In November 2003, five months into the operation, Malik showed Hossain
the missile. In the FBI's surveillance footage, Malik can be heard
describing his business importing merchandise from China. He then
tells Hossain, almost offhandedly, that "we also import weapons." He
draws back the tarp to reveal the missile and asks Hossain whether he
knows what it is. "No," says Hossain. Malik tells him, "This is for
destroying airplanes." Hossain says, "But it's not legal." Malik
laughs, "What is legal in the world?"
The link to Aref was a stroke of luck for the FBI. Hossain himself
suggested the imam be brought in to witness the loan, which was made
in installments. The handovers of cash were themselves prosaic, but
Malik soon turned to the young imam for spiritual guidance, and the
two began meeting, occasionally sitting at a local Dunkin' Donuts,
where Malik increasingly brought up controversial topics. Aref didn't
speak Malik's native Urdu, so the two conversed in broken English.
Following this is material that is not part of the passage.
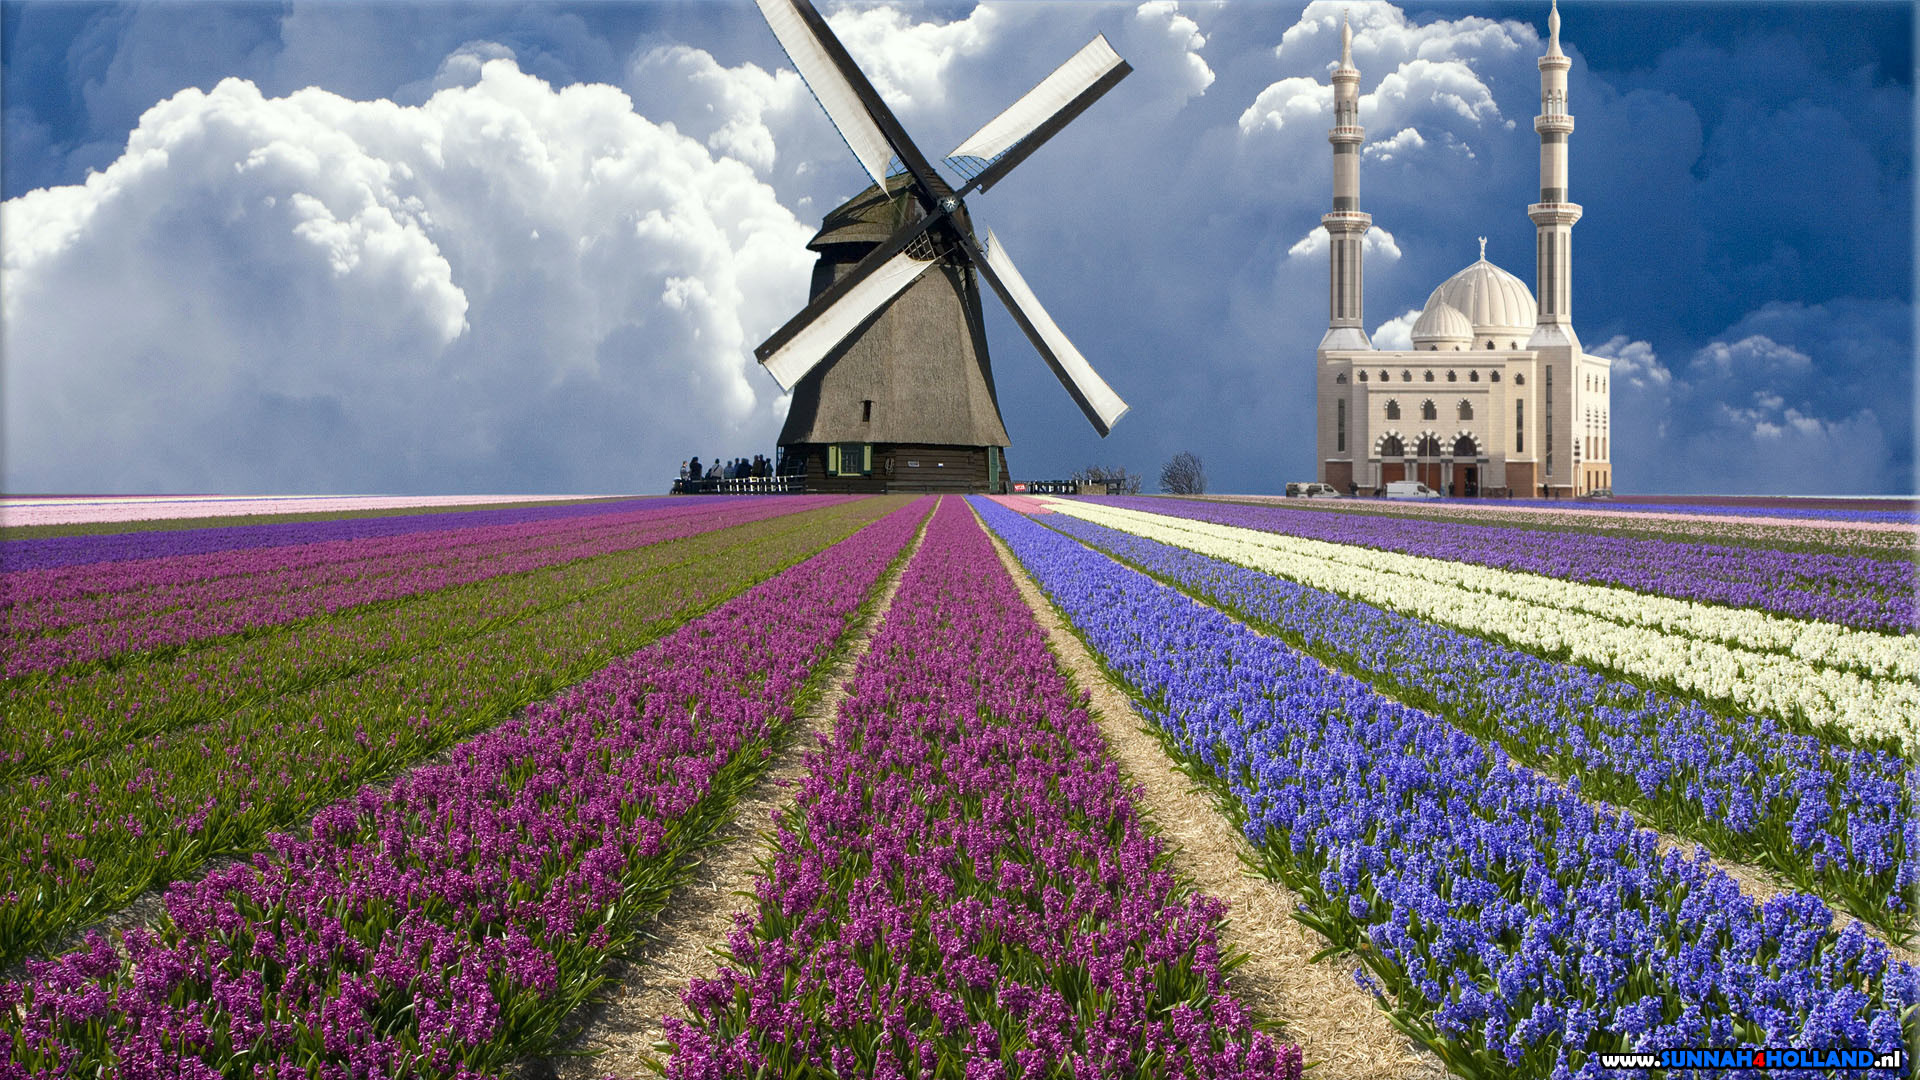 1920x1080 Dutch Windmill Wallpaper - WallpaperSafari

The
prosecution would later point to a handful of conversations
incriminating Aref, including one at his house in February 2004 during
which Malik mentioned that Aref and Hossain should not go to New York
City the following week because there would be a missile attack. The
transcript of this, the most damning conversation in the eight-month
sting, is not available because Malik's hidden tape recorder
supposedly fell off him. Nevertheless, according to the FBI, Aref
responded by asking Malik to leave his home. Aref later claimed that
he thought Malik was joking and warned him not to make such comments,
which prosecutors said meant that Aref was aware of the missile
conspiracy. Several months later, Malik once again discussed his other
business in front of Aref and made references to New York, but he
referred to the missile by the code word "chaudry," which Malik never
explained to Aref. During that same conversation, Malik mentioned that
he was afraid he'd have to hide out from the FBI. Aref said that he
had no such qualms because he wasn't doing anything wrong.
Informants have been deployed by law enforcement for centuries, but in
these recent terrorism investigations they have been given a more
active role in shaping cases, often encouraging or even coercing
individuals to commit violent acts toward which the individuals have
otherwise shown no predisposition. Such sting operations present a
disturbing kind of theater: the government provides the script, the
arms, the cash, and other props, and offers logistical support.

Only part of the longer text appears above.